Human space was roughly three thousand light years end to end. Using regular Alcubierre Drives and cutting a straight path across space would take a ship one-hundred-and-twenty-five days, and that didn’t even account for the time needed to stop and refuel, which would up that time considerably. Even using the Launcher network, ships had to stop in specific junction systems and take new launchers. That trip would take at least a month. With this new interdimensional network, it would quadruple the speed of commerce and military operations. Coop wasn’t naïve enough to think that was only a good thing.

“Our research calculates that you would have discovered the true nature of the network at your current rate of technological advancement within the next two hundred solar cycles. It would take you another fifty cycles to develop the mathematics to interact with it – you are on the cusp of the first iteration of precursor formulas currently – and another seventy-five to one hundred cycles to successfully create portals. Through trade, we can bring humans into compliance with modern travel standards quickly, and you already have infrastructure in place to allow safe portaling as soon as your ships are capable of generating the energy to create portals and maintain integrity during travel.”

“How much does a gluon power plant cost?” The RADM narrowed in on the key detail of this whole deal: price.

“A thorough assessment of your economy and evaluation of your currency will need to be conducted and integrated into the Hegemony of Pace and Tranquility of Sapient Beings’ banking system for an accurate price point.”

“Ballpark it for me?”

“I do not understand that expression.” Bob’s cilia wiggled.

“Give me a rough estimate,” the RADM rephrased.

“From my limited research,” Bob’s worms wiggled as he thought, “approximately twenty billion Commonwealth dollars.”

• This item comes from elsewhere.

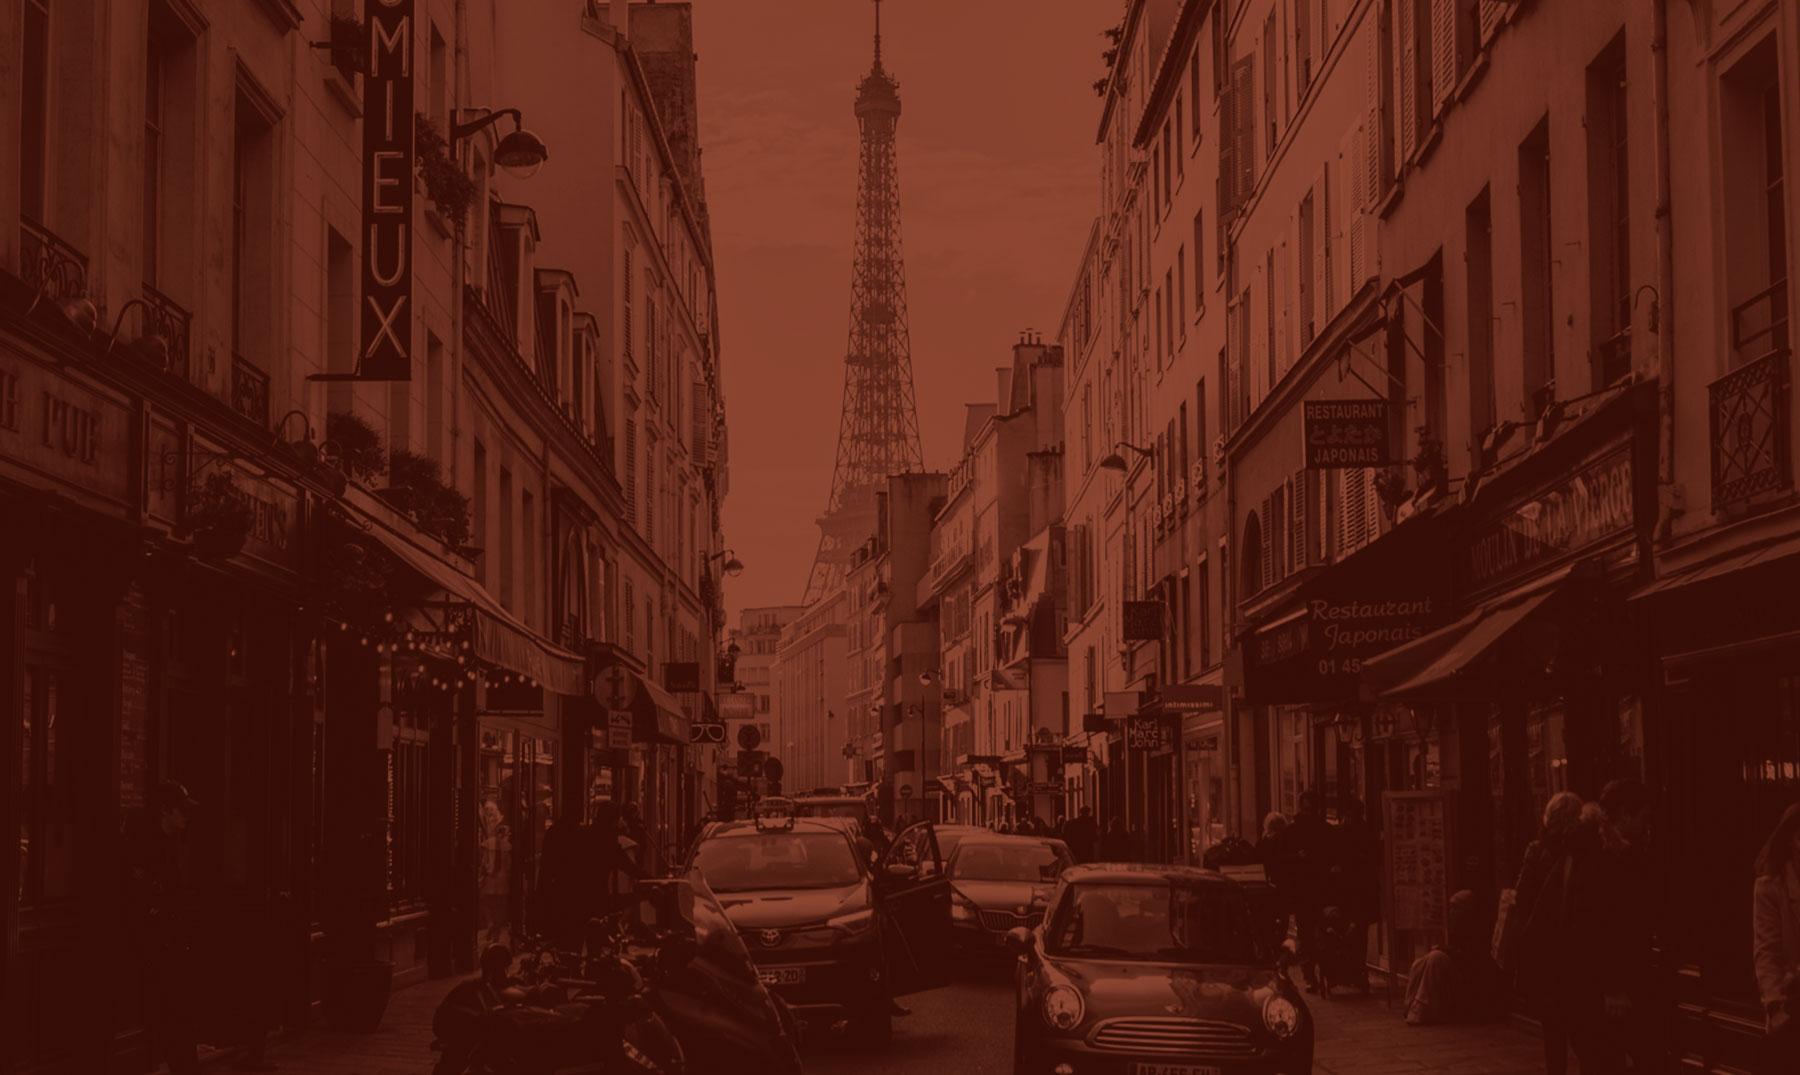 http://www.bethelanguage.com/wp-content/uploads/2018/08/Background-French-Be-The-Language.jpg

This time the RADM couldn’t hide his jaw dropping. That was the cost of a capitol ship. To integrate this new technology the Fleet would be paying double for a single ship.

<The bean counters aren’t gonna like this.> Coop might be called a pessimist, but he didn’t think this portaling stuff was going to happen anytime soon.

“If the cost of a gluon power plant is too extreme, we can discuss other modes of transportation.” Coop saw some color leak back into the RADM’s face when Bob said there was another way.

“Yes, let’s do that.”

“Very well,” Bob made another unnoticeable motion and the floating panel changed to show another piece of technology.  “Let me explain Splitstreaming.”